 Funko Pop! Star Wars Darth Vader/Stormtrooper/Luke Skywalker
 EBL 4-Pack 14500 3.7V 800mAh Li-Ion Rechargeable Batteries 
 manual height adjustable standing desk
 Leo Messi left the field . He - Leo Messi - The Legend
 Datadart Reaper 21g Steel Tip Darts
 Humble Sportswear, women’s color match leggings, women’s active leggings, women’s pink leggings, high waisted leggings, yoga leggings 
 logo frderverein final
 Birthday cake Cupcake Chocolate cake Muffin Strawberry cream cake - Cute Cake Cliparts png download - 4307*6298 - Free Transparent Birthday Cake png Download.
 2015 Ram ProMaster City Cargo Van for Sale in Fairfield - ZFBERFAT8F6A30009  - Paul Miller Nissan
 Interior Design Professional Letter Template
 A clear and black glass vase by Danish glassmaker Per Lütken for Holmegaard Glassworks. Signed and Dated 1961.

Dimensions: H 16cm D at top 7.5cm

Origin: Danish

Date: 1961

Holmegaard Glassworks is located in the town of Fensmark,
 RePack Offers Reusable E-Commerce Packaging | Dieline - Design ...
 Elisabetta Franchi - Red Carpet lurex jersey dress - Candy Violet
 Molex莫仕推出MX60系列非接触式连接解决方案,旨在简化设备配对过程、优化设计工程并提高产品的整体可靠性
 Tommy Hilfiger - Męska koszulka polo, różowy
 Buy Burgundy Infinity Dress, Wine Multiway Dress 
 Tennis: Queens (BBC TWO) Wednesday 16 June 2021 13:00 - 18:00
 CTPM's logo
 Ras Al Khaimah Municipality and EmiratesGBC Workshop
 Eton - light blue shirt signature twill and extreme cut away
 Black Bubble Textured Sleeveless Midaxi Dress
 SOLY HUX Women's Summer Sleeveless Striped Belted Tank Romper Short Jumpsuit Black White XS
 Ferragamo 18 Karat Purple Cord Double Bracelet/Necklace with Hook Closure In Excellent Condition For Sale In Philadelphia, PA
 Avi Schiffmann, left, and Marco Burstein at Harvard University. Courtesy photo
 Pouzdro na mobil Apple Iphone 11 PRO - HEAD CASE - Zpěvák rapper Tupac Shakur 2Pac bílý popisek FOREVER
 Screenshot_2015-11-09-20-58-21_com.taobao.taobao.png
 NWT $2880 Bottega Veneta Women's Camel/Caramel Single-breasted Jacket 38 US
.....
__WHAT IS NEEDED__
Although the records may continue, retype only the lines from the first one through the one containing "CTPM's logo", exactly as they appear.

__SOLUTION TO THIS EXERCISE__
 Funko Pop! Star Wars Darth Vader/Stormtrooper/Luke Skywalker
 EBL 4-Pack 14500 3.7V 800mAh Li-Ion Rechargeable Batteries 
 manual height adjustable standing desk
 Leo Messi left the field . He - Leo Messi - The Legend
 Datadart Reaper 21g Steel Tip Darts
 Humble Sportswear, women’s color match leggings, women’s active leggings, women’s pink leggings, high waisted leggings, yoga leggings 
 logo frderverein final
 Birthday cake Cupcake Chocolate cake Muffin Strawberry cream cake - Cute Cake Cliparts png download - 4307*6298 - Free Transparent Birthday Cake png Download.
 2015 Ram ProMaster City Cargo Van for Sale in Fairfield - ZFBERFAT8F6A30009  - Paul Miller Nissan
 Interior Design Professional Letter Template
 A clear and black glass vase by Danish glassmaker Per Lütken for Holmegaard Glassworks. Signed and Dated 1961.

Dimensions: H 16cm D at top 7.5cm

Origin: Danish

Date: 1961

Holmegaard Glassworks is located in the town of Fensmark,
 RePack Offers Reusable E-Commerce Packaging | Dieline - Design ...
 Elisabetta Franchi - Red Carpet lurex jersey dress - Candy Violet
 Molex莫仕推出MX60系列非接触式连接解决方案,旨在简化设备配对过程、优化设计工程并提高产品的整体可靠性
 Tommy Hilfiger - Męska koszulka polo, różowy
 Buy Burgundy Infinity Dress, Wine Multiway Dress 
 Tennis: Queens (BBC TWO) Wednesday 16 June 2021 13:00 - 18:00
 CTPM's logo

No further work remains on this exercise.